Note from Khalid: This is a guest post from Samantha Gonzales
Business is war. Any serious entrepreneur will tell you so. But businesses with online presences face especially difficult battles because of how easy it is for potential customers to choose competitors’ businesses over their own.
The Internet has made it easier for prospects to find your business, but it’s also made it easier to leave it. Gone are the days when customers had to visit brick-and-mortar establishments and make decisions to do business on-the-spot. Also absent are the business owners, sales people and other representatives that could sway a fence-sitting prospect to the other side with a little charm.
A business website speaks for you and everyone associated it. Though real people aren’t there to greet your prospects when they visit, your landing page can say exactly what you and your employees can’t. It can do the charming, the smiling and the persuading. In the most competitive of markets, your landing page can even be a rallying cry. It can inspire your prospects to heed a call-to-action and buy your product.
Take Control of Your Turf
Ever hear of the “home-field advantage”? A landing page is one of the best places to convey your brand, your product and your commitment to customers. After all, everything’s taking place on your website and as the general, you call the shots.

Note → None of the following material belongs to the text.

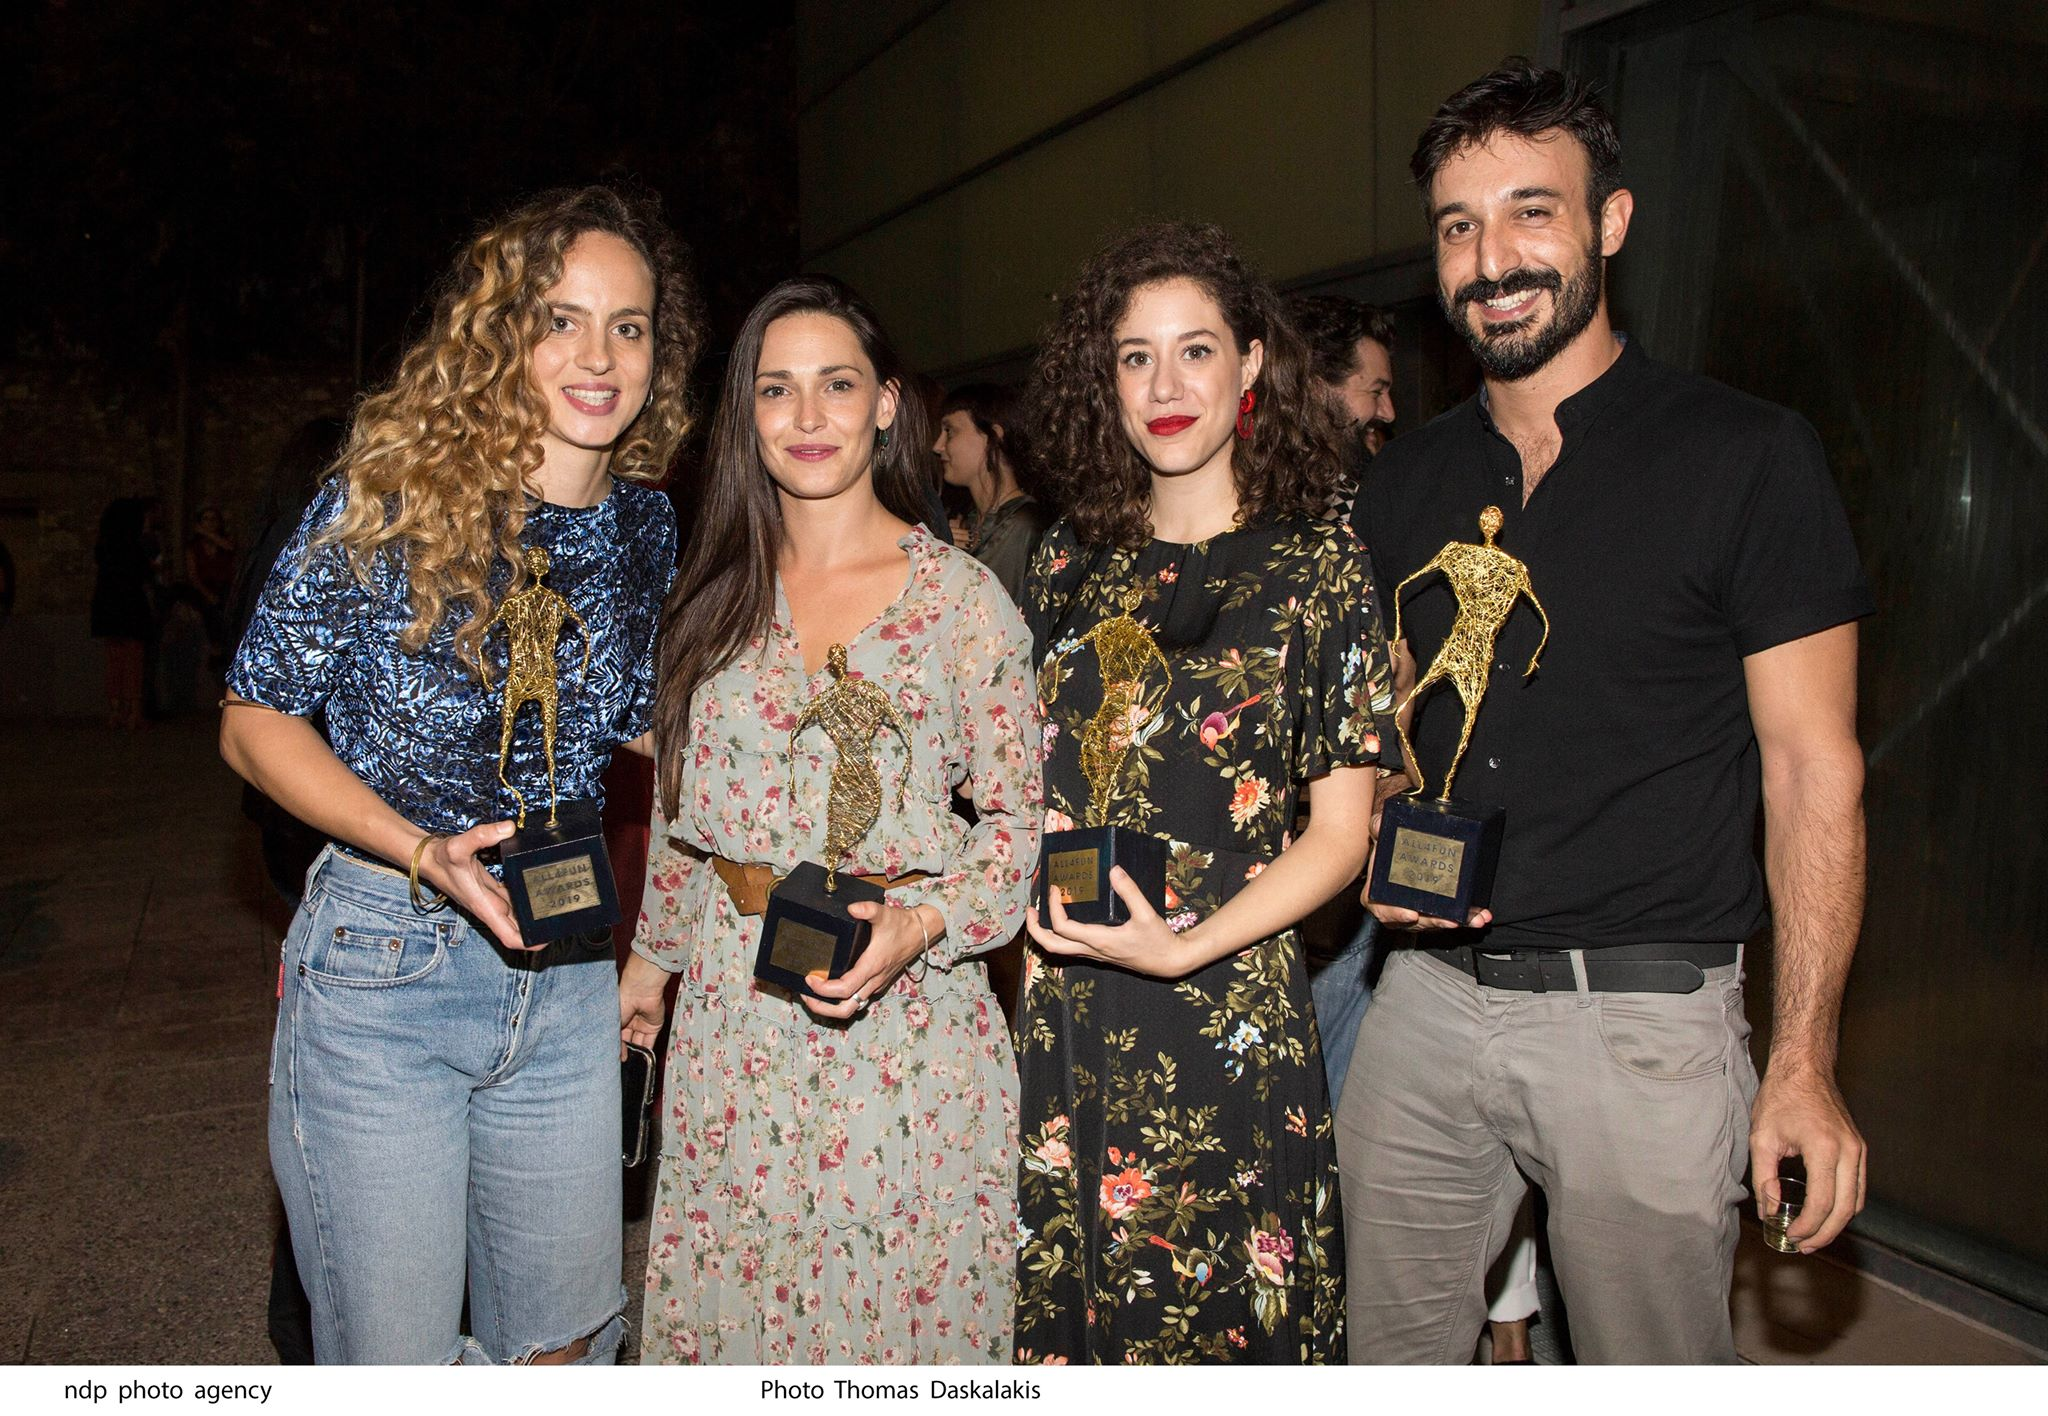 All4fun Awards 2019 (26).jpg

What sets you apart from competitors? Do you have a risk-free return policy? An unbeatable guarantee? Use your company’s web space to remind the prospect about who he’s dealing with and why he should continue pursuing the relationship.
Energize Your Troops
If prospects arrive on your page, you’ve obviously got their attention. Now you need to support their interest in your product.
Remain focused
Distraction spells disaster for any solider out in the field. The same can be said for prospects who visit your page. Your visitors are on a mission to satisfy a need or desire. Your job as a provider is to satisfy them. Put the need in the spotlight. Focus on it. Create your landing page to appeal to your prospect’s need and only that need. This makes your call-to-action irresistible. Terri Wells’s “Focus is Key for Landing Pages” explains the importance of this strategy and its relation to higher conversion rates.
Keep their eye on the prize
Ensure that your referrals line up with your product. It’s illogical of a business to lure prospects onto their website using product-specific ads and then have referral links lead to a mash-up category of products with no calls-to-action, but it happens all the time. The thinking here is that prospects will be tempted to buy more products, but prospects are more likely to be turned off from buying even the one initial product if they have to look for it.
Think about it this way: on average, every extra “thing” a prospect is forced to do on a website cuts down the probability that he will complete the transaction by 10%. It affects morale in a big way.
Sound the Trumpets
So you’ve drawn lines in the sand and pumped up your troops. What’s next? You’ve got to give your prospects a signal to take action.
Provide your audience with enough information to make an informed purchase
Ideally, the content on your landing page simultaneously educates your prospect about a product and sells it to him. Usually, content should be confined to one page without having to scroll, but different products have different needs. To avoid saying too much or too little, give your prospect enough information to sell your product and no more. Center that information and your call-to-action on the page so that your prospect is flanked by it. Roberta Rosenberg has some great tips for keeping your landing page lean, mean and ready for action.
Ensure that every element on your landing page is built to sell
That includes headlines, subheadings and your copy’s body. Craft copy from the point-of-view of prospects and make it easy on the eye with standard font faces, larger font sizes and broken-up text. Don’t forget that layouts and graphics play an important part in moving the eye. Prune potentially distracting elements like navigation bars, complex images or unrelated ads. Michael Nguyen’s “11 Ways to Improve Landing Pages” provides tips on how to design product-moving pages from the perspective of the buyer.
Psyche them up, psyche them out
One concentrated call-to-action is more effective than many scattered ones. Generally, no landing page should have more than two calls-to-action because they disrupt the landing page’s purpose. Increase the efficacy of your call-to-action by using subtle psychological cues like colors, word choice and natural eye paths like Ann Smarty describes.
Give prospects offers laced with benefits or promotions they can’t refuse
Online prospects have especially short attention spans. It’s almost like they’re looking for reason to leave your website. Work to win your prospects over by not only anticipating what they want and need, but by offering it to them quickly and with persuasive flair in an urgent call-to-action. Landing pages that clearly define the benefits of choosing products or promotions they can’t get elsewhere can keep you from prematurely waving the white flag of defeat.
Readers, what’s been your battle strategy for landing pages so far? What tactics have and haven’t worked for you?